Speaking at the Consumer Analyst Group of Europe (CAGE) conference earlier this week (19 March), Orkla president and CEO Åge Korsvold suggested the group’s “multi-local” approach meant taking the best attributes of a multinational corporation and applying them on a local scale.
While Orkla is the largest regional player in the Nordics, Korsvold emphasised the group still has “many competitors” that “have much more resources”.
“In virtually every category this is the picture: we have a very large market share and, relatively speaking, the multinationals will have a much smaller market share. What makes us different from the multinational companies with which we complete is actually our local size… Local scale in terms of sales force, merchandising, activity in the shop and it gives us unique synergies in media spending,” Korsvold claimed. “A very important part of the change process that we need to undergo over the next few years is to use that [local] size – on the cost side, on the revenue side and on the skills side.”
The conglomerate is in the process of selling off its non-core activities, such as interests in aluminium processing, as it looks to transform itself into a consumer-facing FMCG group. Orkla has made progress in selling off a number of non-core activities in 2012 and options for how to reinvest the cash are under consideration, Korsvold revealed.

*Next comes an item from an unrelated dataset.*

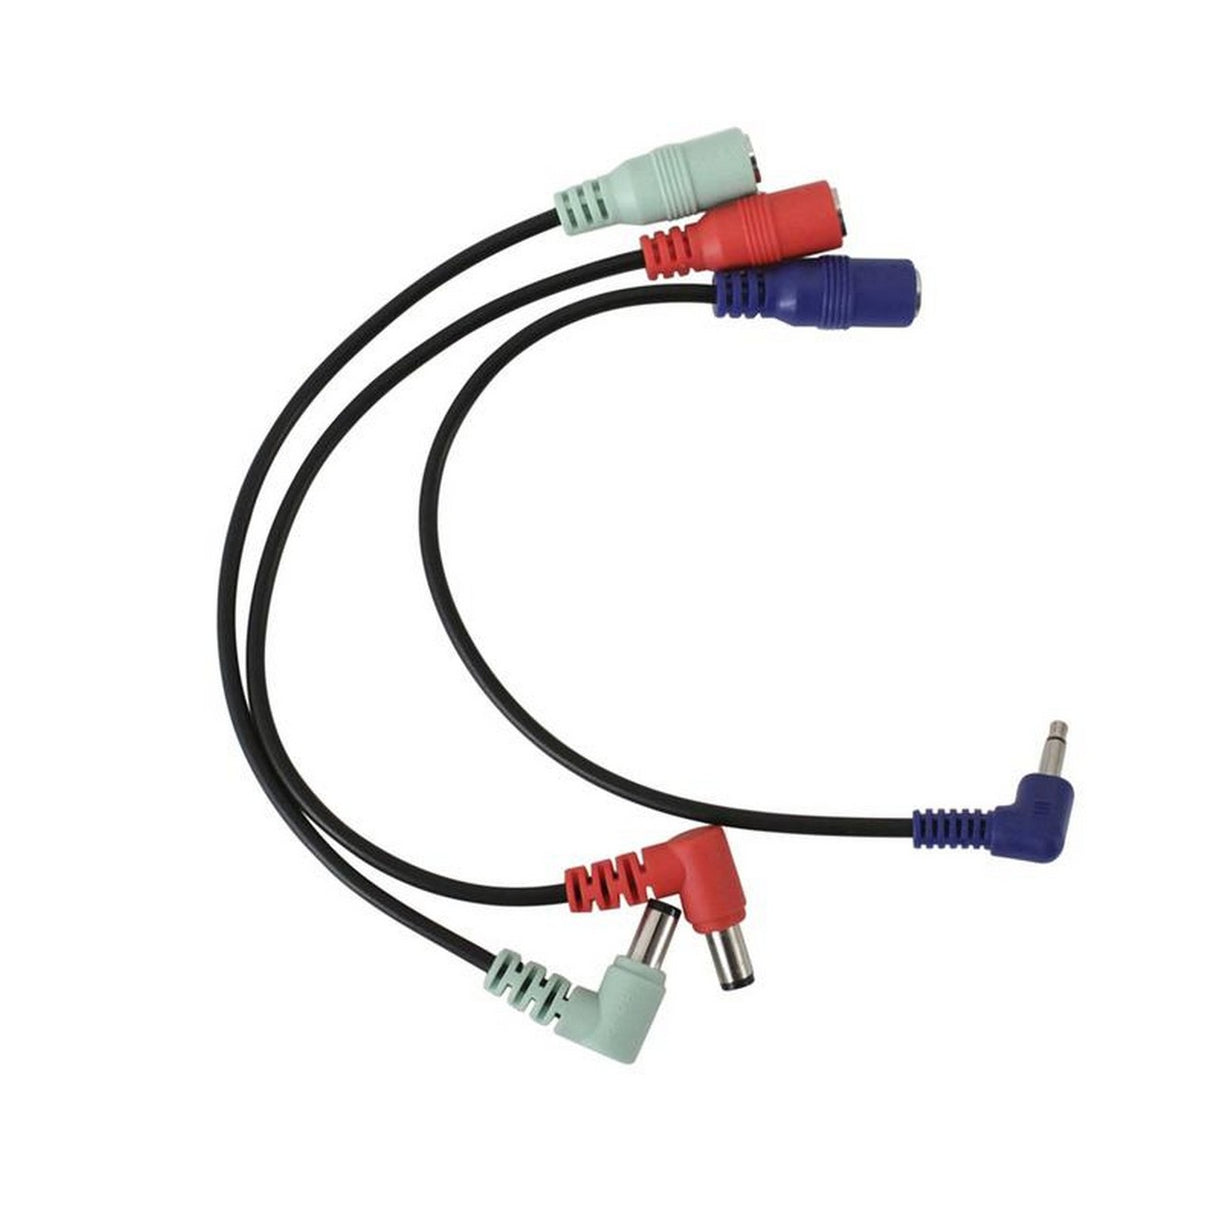 Big Joe PS-204 | Connector Adapter Cable Set

However, Orkla’s transformation must reach beyond simply focusing its business. The group must also improve the operational performance of its core, Korsvold continued. “Our consumer goods business needs to be improved. We need to improve practices and we need to operate that business differently. There is a change process on its way to improve performance.”
The initial thrust of this “change process” will be for Orkla to “extract synergies across companies and across the categories in which we operate”, Korsvold said. Orkla operates a number of different businesses across five key areas: food, confectionery and snacks, home & personal care, food ingredients, and international (focused on Russia, eastern Europe). Consumer food operations generate about 60% of sales.

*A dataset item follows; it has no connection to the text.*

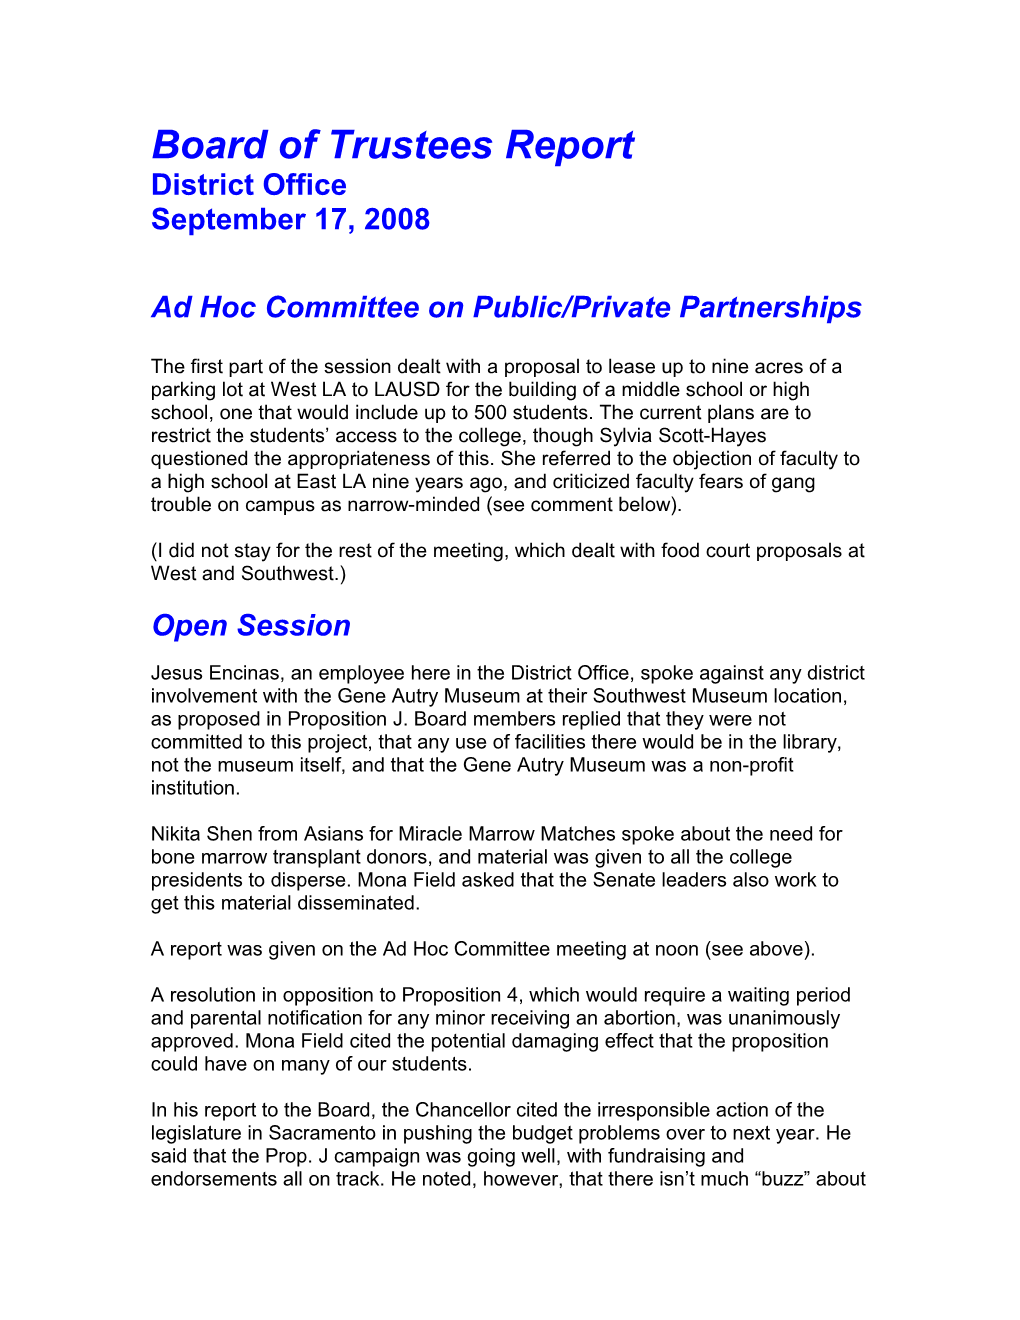 Board of Trustees Report s6

In order to boost profitability, Orkla plans to take complexity out of its model, which will begin in 2013 by “rebuilding the corporate centre” of the company, Korsvold said.
Orkla aims to become the leading player in Nordic food markets, where it already generates 80% of sales. “Our competitive position is strong in Norway, we have a reasonably strong position in Sweden, we still need to improve our position in Finland and Denmark to achieve our objective of being the strongest competitor, and really a challenger, in the Nordics,” Korsvold suggested.
According to his assessment, Orkla has “very strong brands and local positions”, mostly number one and number two positions in the categories and markets in which it operates. In some categories – such as snacks – Orkla is the number one player in all Nordic markets, in others the group is only present in one or two of the markets. “There are opportunities to grow through feed in acquisitions or organic expansion into geographies where we are not,” Korsvold said.
Speaking to just-food on the sidelines of the event, Orkla SVP of investor relations Rune Helland suggested Orkla has a competitive advantage over the multinational players because, while they have more overall resources at their command, Orkla is investing more in the Nordic markets.
However, Orkla is far from complacent. “At the moment, there is little attention from the multinationals on the Nordic markets. But they will realise one day that these are good markets to operate in. When they do, we must be ready for that,” Helland said.